A lot has happened since then. The only one of the three
controversial diagnoses still in the running for official status has been
altered for the umpteenth time. An esteemed journal is issuing a scathing
critique. And the open letter is generating buzz in the blogosphere.
The
open letter has
garnered more than 100 signatures, many from prominent forensic psychologists
and psychiatrists in the U.S. and internationally. If you intend to sign on but
haven’t yet, act now because I understand it will be submitted very soon. (Click
HERE to review the text; click
HERE to email your name and professional
title to co-author
Richard
Wollert.)
Hebephilia gets yet another makeover
This week, the Sexual Disorders Workgroup for the upcoming
fifth edition of the APA's diagnostic manual
toned
down its proposal to turn sexual attraction to young teens into a mental
disorder. As psychiatrist Allen Frances
explains
at his
DSM5
in Distress blog, hebephilia is still there -- you just have to read the
small print to see it:
|
Dali: Enchanted Beach with Three Fluid
Graces |
Confronted
by universal opposition from the rest of the field, the DSM 5 group has been
forced progressively to whittle down their pet, but they so far have refused to
just drop it altogether. 'Hebephilia' first lost its free-standing independence
and was cloaked as Pedohebephilia. When this didn't fly, the term was dropped
altogether in the title but the concept was slipped into the definition of
Pedophilia -- which was expanded out of recognition by having a victim age
cut-off of 14 years. No one accepted this outlandish suggestion and now finally
the work group comes back with ‘early pubescent children' and tries to keep
'hebephilia' as a term in the subtype. The instability of the criteria sets
associated with this concept is additional evidence that the fervor for its
adoption stems from emotional loyalty rather than reasoned review of its weak
conceptual and research base. How can the group vouch for the reliability of the
diagnosis when the concept and criteria are changing every month? This is no way
to develop a diagnostic system.
The staunch insistence on this transparent attempt to turn
statutory rape into a mental disorder owes in large part to the makeup of the
sexual disorders workgroup. As
Frances
notes, "the most wayward of all the DSM 5 work groups" is "lopsidedly
dominated" by psychologists from a sex clinic up in Toronto, whose ambition is
"to find a place in DSM 5 for their pet diagnosis."

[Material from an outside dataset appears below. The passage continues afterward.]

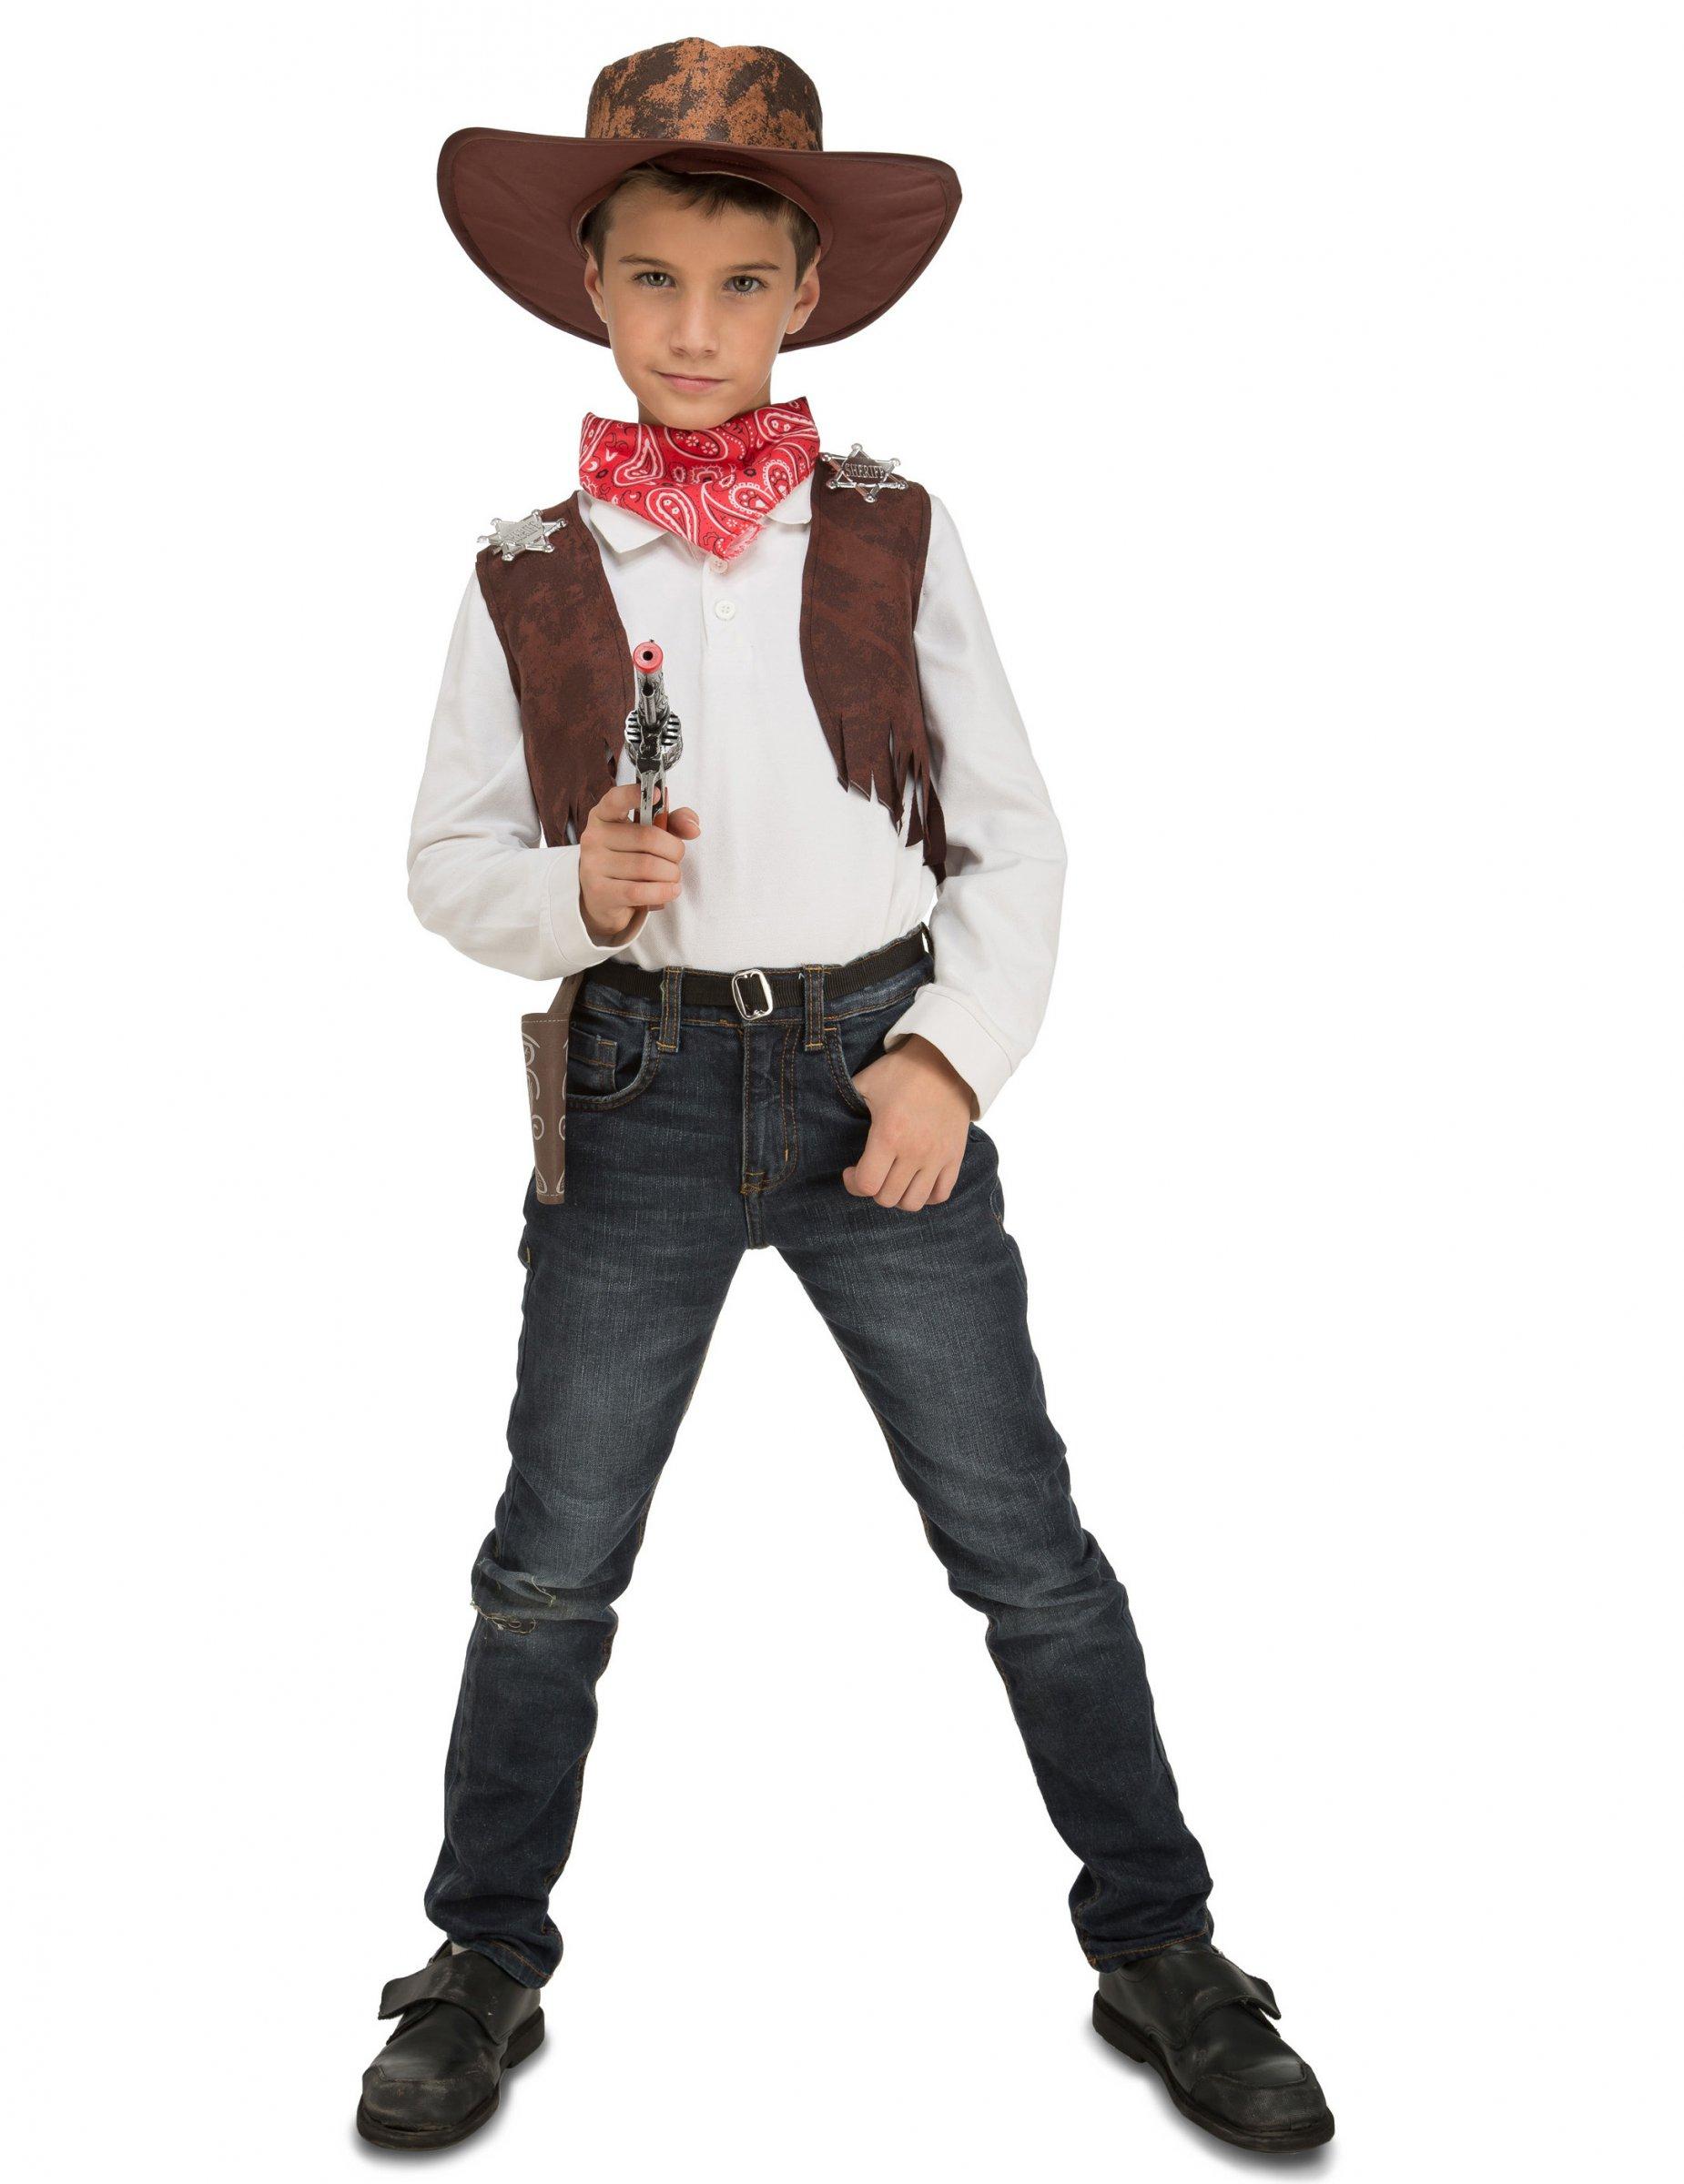 d guisement cowboy avec accessoires enfant deguise toi achat de d guisements enfants. Black Bedroom Furniture Sets. Home Design Ideas

Although the group's other outlandish proposals, Paraphilic
Coercive Disorder and Hypersexuality, have been shelved for the time being,
Frances worries that putting them in the appendix "for further study" is still
risky:
Recognizing
that the jig is up on the grand design, members of the DSM 5 sexual disorders
work group have been heard saying they may have to settle for an Appendix
placement for their three hothouse creations. This would create forensic
dangers. We have learned from the abuse of "Paraphilia Not Otherwise Specified"
in Sexually Violent Predator cases that any (even remote) legitimization by DSM
5 is certain to be misconstrued and misused in the courtroom.
Come on
guys. This is absolutely absurd just on the face of it…. So back to the drawing
board, DSM 5 sexual disorders work group. The grand dream is lost -- now at
least make sure you don't mess up on the fine print.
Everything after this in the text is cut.